The retail industry is taking on a new challenge in raising the bar on customer experience. The convenience store (c-store) experience is beginning radically change with some of these new ideas. The traditional gas station, for example, is being challenged as we introduce more electric cars into the market. Even in truck stops, we may begin seeing self-driving trucks pull up that need to be fueled. Rest stops may evolve into high-end automated self-service mini-malls. The digital transformation (DX) journey for retail will include the use of artificial intelligence (AI) combined with IoT devices to drive automation and augmentation for the next generation of products and services in the c-stores of the future.

We are already seeing new concepts emerge like Shell Oil’s new “Shell Select” store, which offers a consumer-focused retail store experience with locally inspired fresh foods and beverages in a relaxing and friendly environment.

The “Good Food Market” in Ireland won the c-store of the year by challenging the norm for urban convenience retailing. It operates as an upscale, urban grocery store that also has a changing food offer throughout the day, all-day dining for in-store eating, gourmet take-home meals and world cuisine-themed evenings. Change is occurring across the globe, with all brands planning out their stores of the future.

Digital transformation, including AI and IoT, will be a core technology evolution in driving the successful change in customer experience.

At RSA 2020 this year, I co-hosted a talk with Darren Bennett, the deputy IT director and CISO for the city of San Diego. We discussed how light industry IoT is evolving smart buildings, smart campuses and smart cities into the “city as an IoT platform.” A platform of platforms with new IoT devices being added every day, along with their SaaS back-end clouds, to drive new capabilities and risk.

At Forecourtech ’20 in October, I will be describing the dangers of light industry IoT in the oil retail industry to how to leverage AI successfully. AI is a critical part of this retail digital transformation, especially as it applies to the IoT devices, and there will be new challenges in regard to the area of IT operations management (ITOM).

A new emerging technology named AIOps unifies operational teams (facilities, NetOps, SecOps) when managing DX. Whether it is a gas station, a mini-mall, a campus of buildings or an entire smart city, there are many “things” out there attached to buildings and connected to networks that have software in them to make them intelligent. I call this light industry IoT. It can include smart air conditioners, CCTV cameras, coffee machines, sensors, gas pumps, signs and even lights — all those “things” that facility teams install that have software and are commonly overlooked by the IT operations teams.

However, these devices could become the primary entry point of your next cybersecurity breach. In 2019, the WaWa brand of c-stores had its point of sale (POS) system breached, resulting in over 30 million compromised credit cards. The famous Target breach was from hackers coming in through the network-connected air conditioning system and then attacking the POS systems. AI is both a defensive and offensive strategy in digital transformation.

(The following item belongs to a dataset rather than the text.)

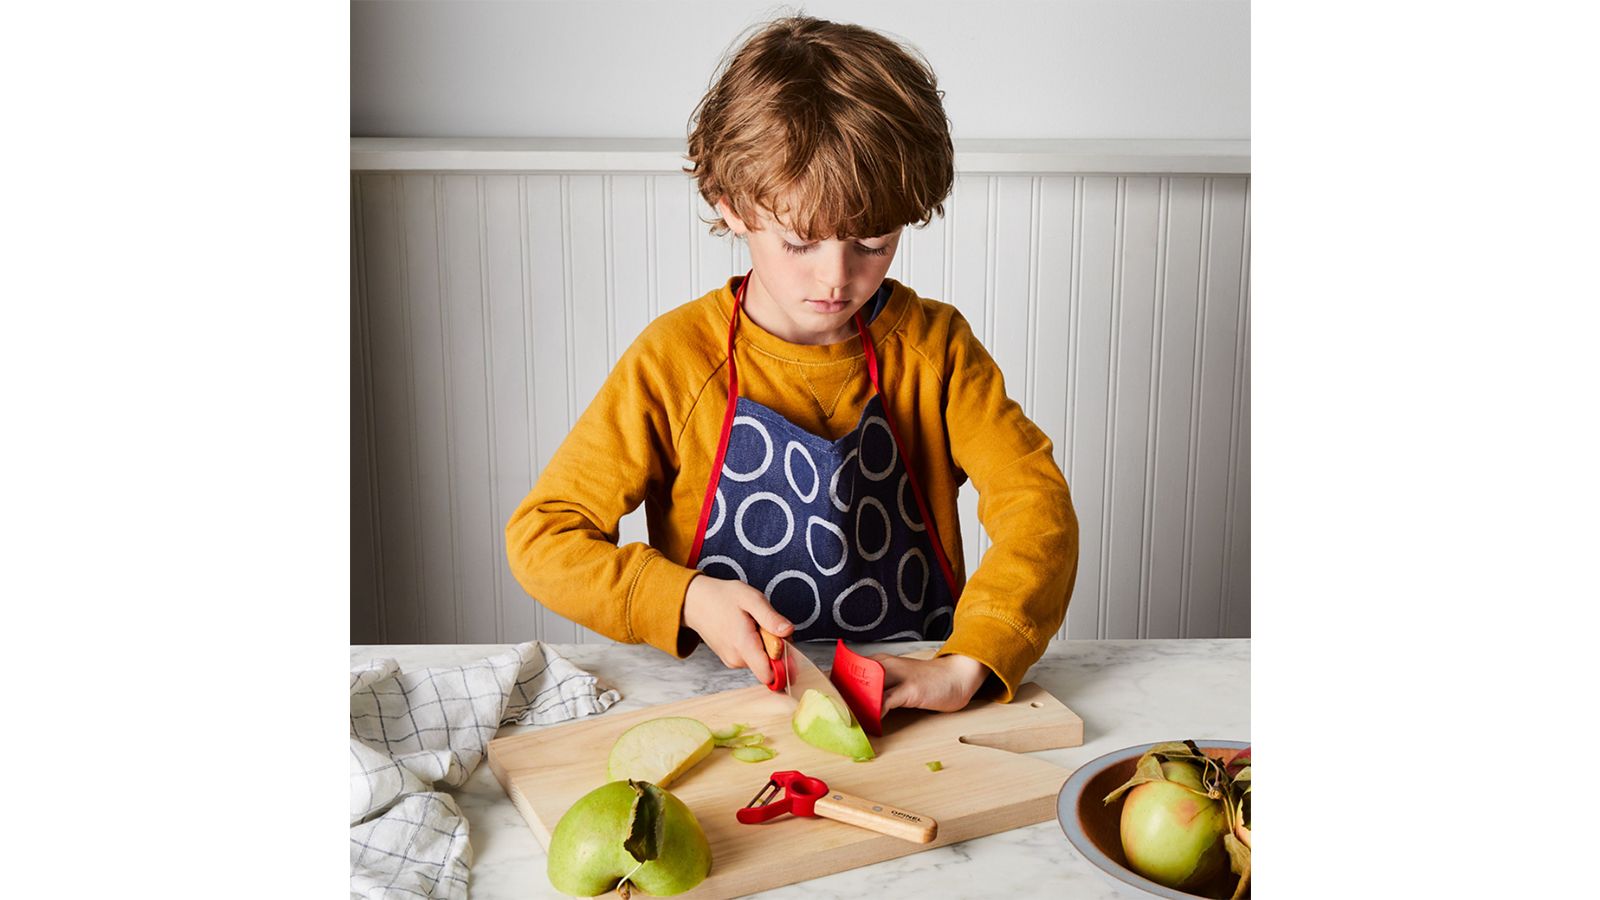 Kids Wooden Cutting Board and Knives Set DIY Children Cooking

As we look closer into the expanding risk footprint of new DX technologies, especially in smart cities and oil and gas retail, the addition of new IoT smart devices helps enrich the focus on the customer experience. With the change, IoT brings along many new risks around these digital technologies, including the IoT devices themselves, cloud computing, customer applications, data privacy, partner applications and new sensors. These new risks will require process changes, modified priorities and even staff modification to manage the risks associated with new IoT technologies.

In parallel with driving DX change, operations teams must begin a transformation of their people skills, operational processes and tools. Collectively, DX requires improved operational monitoring capabilities to automate and create greater efficiency in managing this new risk footprint. AIOps (the use of AI in IT operations) starts with the ingest of big data (clean data). The data could be at rest and be used for historical analysis, or the data could be in motion (streaming) for real-time analysis. The algorithms then look for prescriptive responses that can turn into actions. AIOps is not “yet another technology tool.” It comes with automation algorithms for predictive analytics, the correlation of alerts and the remediation of issues.

AIOps is not a perfect tool. Just like humans, AIOps is prone to errors. Unlike human errors, AIOps is prone to various types of digital errors found in error-prone data sets and biased training of machine learning models. Furthermore, there is no audit trail of AIOps if it leverages neural nets or deep learning algorithms. These types of machine learning models are “black boxes” and cannot show how their recommendations were reached.

Today, operations staff, whether it is facilities, NetOps or SecOps, sift through millions of alerts and try to predict, correlate and remediate an actionable response. With AIOps automation, the remediation algorithm must understand causal inferences. Meaning if A causes B, then AIOps needs to predict A to prevent B. The AIOps algorithms from prediction, correlation and remediation need to choreograph together and augment the human IT operations staff into becoming Jedi warrior IT analysts.

As far as light industry IoT goes, the operational team must begin to take steps and look at the array of smart devices related to facilities in their organization and then plan a fully automated AIOps-driven life-cycle maintenance and monitoring strategy for those “smart” and connected assets. As a unified strategy, the SecOps team needs to design best practices for cyber hygiene (such as NIST). In theory, this should all be possible through AIOps automation without requiring additional staff.